What Happens After Elliott Wave 5?
Elliott Wave theory holds that price tends to move in waves: impulse and corrective waves. A corrective wave usually retraces 50-61% of an earlier impulse move before continuing its upward journey.
Simple corrections typically involve zigzags while more complex corrections may include flats, triangles and irregulars. Sometimes diagonal triangles may appear as waves 1 or 5.
Wave 5
If a sequence is trending upward, participants who bought during Wave 1 take profits and prices may drop significantly, creating Wave 2. Such price corrections often reach Fibonacci retracement levels and can have significant ramifications for investors.
Depth of the corrective wave is determined by impulse wave’s length; therefore, there are a few general rules which apply. One is that corrective waves should not overlap the end of Wave 1, rather they must have different lengths altogether. Another basic principle states that no five-wave sequence should have its shortest wave being overall shortest of all five waves combined in any one series.
Not forgetting, within impulsive waves there may be extensions; typically in the form of zigzags and double/triple zigzags. Triangles in which upper and lower trend lines diverge or expanding triangles where lower line extends outward can also display extensions which makes identifying waves as impulse or correction more challenging.
Wave 6
Market participants in this wave attempt to take profits, which causes prices to decline and create wave 2. When prices reach their starting point again, participants begin buying again, leading prices back up causing wave 3 of the sequence.
Each impulse wave in a trend contains three motive waves and two corrective waves, providing traders with an indicator of possible trend changes that they can confirm with other technical analysis tools.

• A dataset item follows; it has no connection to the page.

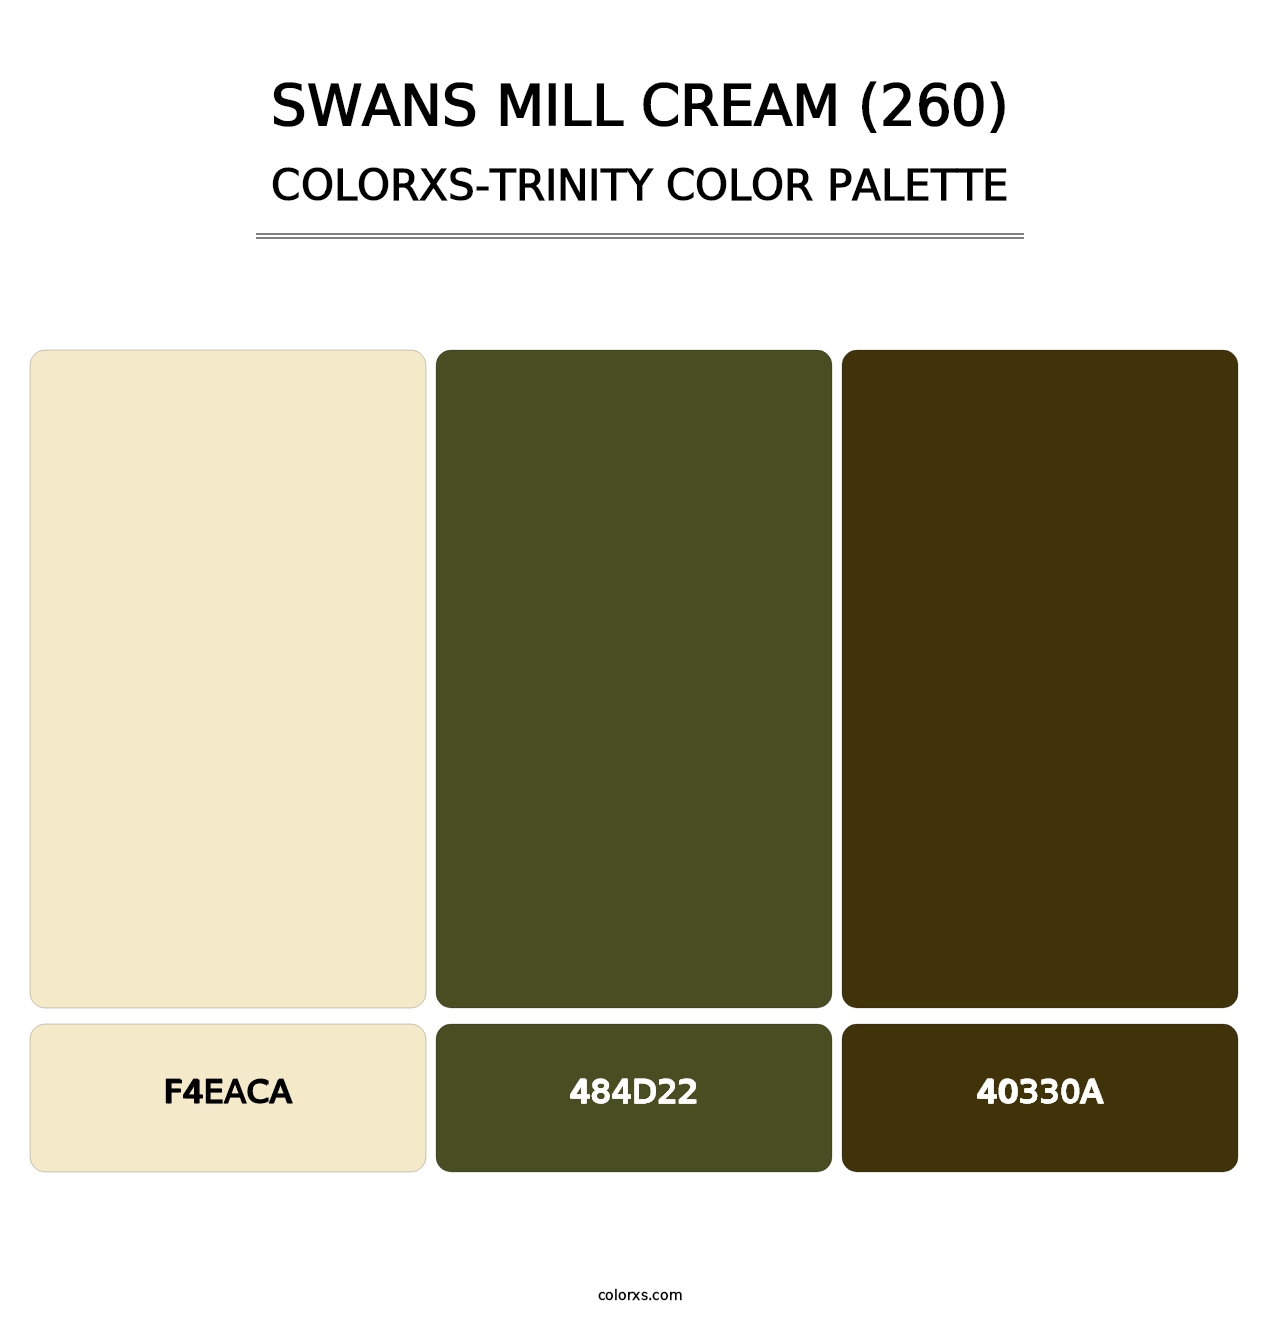 Swans Mill Cream (260) - Colorxs Trinity Palette

Corrections within an impulse wave typically retrace 50-61.88% of its preceding impulse wave, without overlap or equal length actionary waves – like Wave 3 which cannot match Wave 1; furthermore it cannot end beyond it either. Corrections can take many forms including flat, zigzag and triangle shapes as well as expanding flats which fulfill alternation rules by ending above Wave A’s high point and below its low.
Wave 7
Wave five marks the final major move in any trend direction and often lacks the intensity of wave three; its relative lack of energy may also be evidenced by price divergences in momentum indicators that indicate that corrective actions might soon follow.
Normal Wave Five extension typically takes the form of either a flat or zigzag wave; this wave is known as the C Wave of an Impulse and in many instances will reach or even surpass its depths.
Additionally, Wave C will have an approximate relationship of 0.6181 with Wave 1 and 1.6818 with Wave 3. It may also truncate, although this is rare given that its zigzags and flats must alternate; otherwise both sides would form triangles simultaneously indicating incorrect counting of Wave 3.
Wave 8
Wave 2 unfolds as a corrective move and cannot extend past its starting point in wave 1. Prices often retrace deeply during this stage and pessimism is generally high; volume often declines and channels lines can often be penetrated.
Elliott Wave theory describes wave 4 as the shortest wave and allows it to take on various shapes including zigzags, flats and triangles. According to its rules however, wave 4 must never cross into price territory of wave 1 at any point in time.
As is typical for markets, when correction of the fifth wave has occurred it will typically retrace not just its own course but that of all waves since Wave 1 started. This recent downward move may take the form of a zigzag or flat move with net travel equal to or exceeding that of previous waves by equal distance; expanding triangles may extend their net travel by an amount equal to or even exceeding 1.618 x the length of Wave 5. This ratio applies also for double and triple corrections.